2. Understand the coordinated and integrated functioning of the digestive system.
3. Understand how function of the digestive system depends on other systems, such as the cardiovascular system.
Introduction: overall function of the digestive system
The cells of the body require adequate amounts of raw materials for their energy requiring and synthetic processes. The raw materials are obtained from the external environment through the ingestion of food. The overall function of the digestive system is to transfer the nutrients in food from the external environment to the internal environment, where they can be distributed to the cells of the body via the circulation. In this chapter, the general principles and basic mechanisms involved in the functioning of the digestive system will be discussed in the context of the system as a whole. The importance of the integration of the digestive system with the other body systems is well illustrated by the problems encountered in non-occlusive ischaemic disease of the gut: a condition in which the defect originates in the vascular system, but serious consequences result from abnormal absorption in the small intestine (see Case 1.1 and Case 1.1).
Case 1.1
Non-occlusive ischaemic disease of the gut: 1
An elderly patient, who was being treated with digitalis for congestive heart failure, suddenly developed severe, constant, abdominal pain.
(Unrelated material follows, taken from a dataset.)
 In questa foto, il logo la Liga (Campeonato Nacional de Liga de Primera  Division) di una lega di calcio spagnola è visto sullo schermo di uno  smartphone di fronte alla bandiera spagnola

The consultant physician examined him and found that he was in circulatory shock, with a low arterial blood pressure, a thready pulse and a sinus tachycardia (rapid heart rate). His abdomen was exquisitely tender to palpitation, with diffuse peritonism (tenderness). The physician suspected from the clinical findings that the patient was suffering from non-occlusive ischaemic disease of the gut. In this condition, the decreased cardiac output results in decreased intestinal perfusion and this, together with other mechanisms, results in the flow of blood to the gastrointestinal tissues being cut off. This disease is often fatal.
Upon consideration of the details of this case, we can ask the following questions:
• What are the main causes of the sudden development of this condition in patients with cardiac failure?
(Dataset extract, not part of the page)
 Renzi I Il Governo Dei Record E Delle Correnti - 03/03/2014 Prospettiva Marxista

• What are the physiological consequences of reduced flow of blood for the functioning of the small intestine?
• What is the origin of the patient’s pain?
• How are the normal homeostatic mechanisms which control the flow of blood to the gastrointestinal tract perturbed in this condition?
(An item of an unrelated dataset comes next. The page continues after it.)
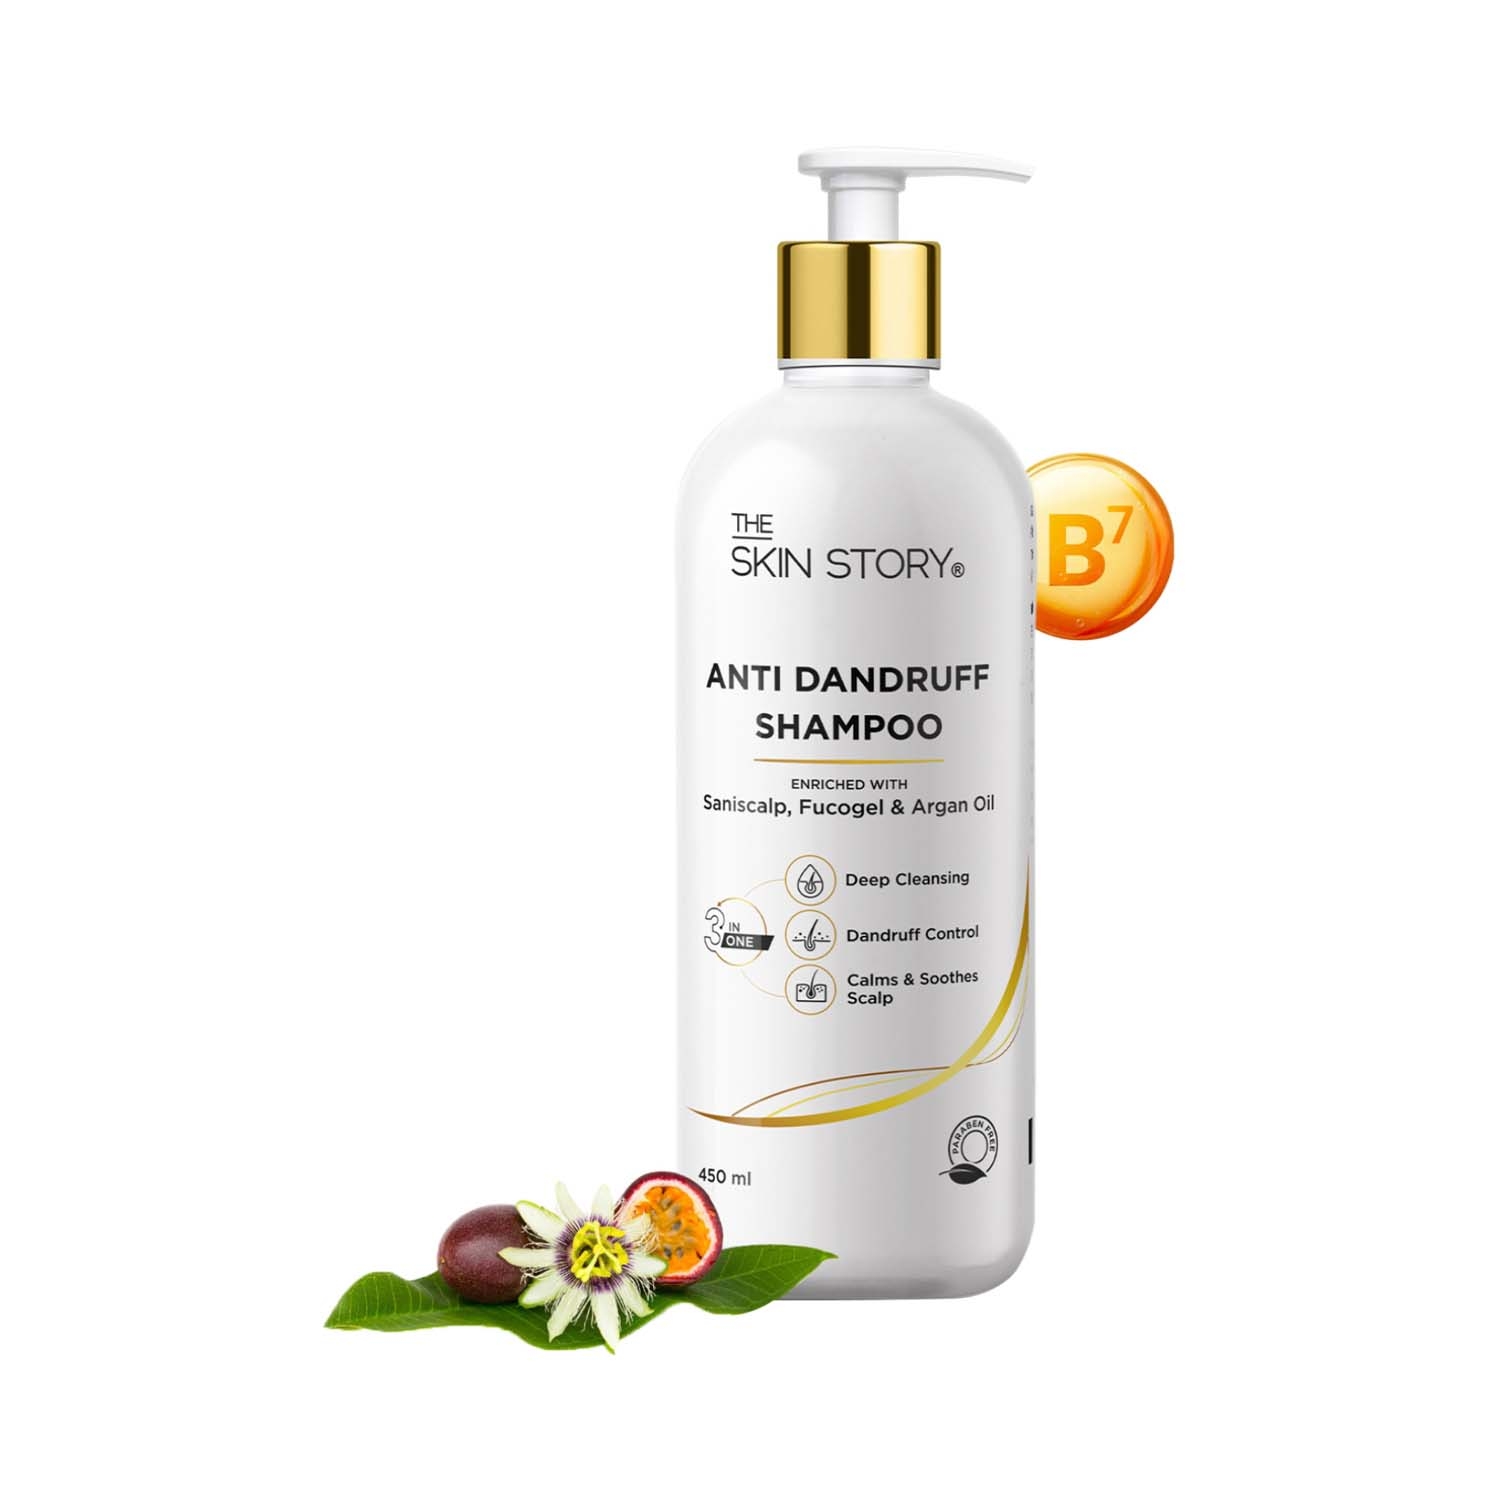 The Skin Story Anti Dandruff Shampoo (450ml)

• How can this patient be treated?
Case 1.1
Non-occlusive ischaemic disease of the gut: 2
Defect, diagnosis and treatment
Decreased cardiac output results in decreased intestinal perfusion with blood. As the velocity of flow decreases, the viscosity of the blood increases and the blood tends to stagnate in the small vessels. Then microthrombi develop and disseminate in the blood vessels of the mesenteric circulation. There is also a generalized vasoconstriction of the blood vessels that diverts the arterial flow to essential organs. This causes small vessels to collapse. The consequent increase in resistance to flow in the splanchnic circulation, together with the decreased cardiac output and reduced arterial blood pressure results in severely reduced blood flow to the intestines, which eventually become ischaemic.
Reduced blood flow to the gastrointestinal tract results in lack of oxygen and reduced energy substrate supply to the tissues (hypoxia). The result is widespread necrosis of the gastrointestinal mucosa which is most sensitive to hypoxia. This quickly leads to disruption of its functions. The necrosis starts at the tips of the villi that become hypoxic first. It seems probable also that disruption of the brush border of the enterocytes exposes the underlying tissue to the effects of the digestive proteolytic enzymes in the lumen. The intestines become permeable to toxic substances from the contents of the gut lumen, such as bacteria and bacterial toxins, and toxic substances from the necrotic cells. These substances enter the portal circulation. In summary, the barrier function of the gut is lost. There is a profound toxaemia and impairment of the normal body defences, resulting in septic shock. Loss of fluid, electrolytes and blood from the gut will also occur. (This effect mirrors loss in the skin in burns). The loss of the external barrier allows penetration of bacteria into the body as well as fluid loss from it.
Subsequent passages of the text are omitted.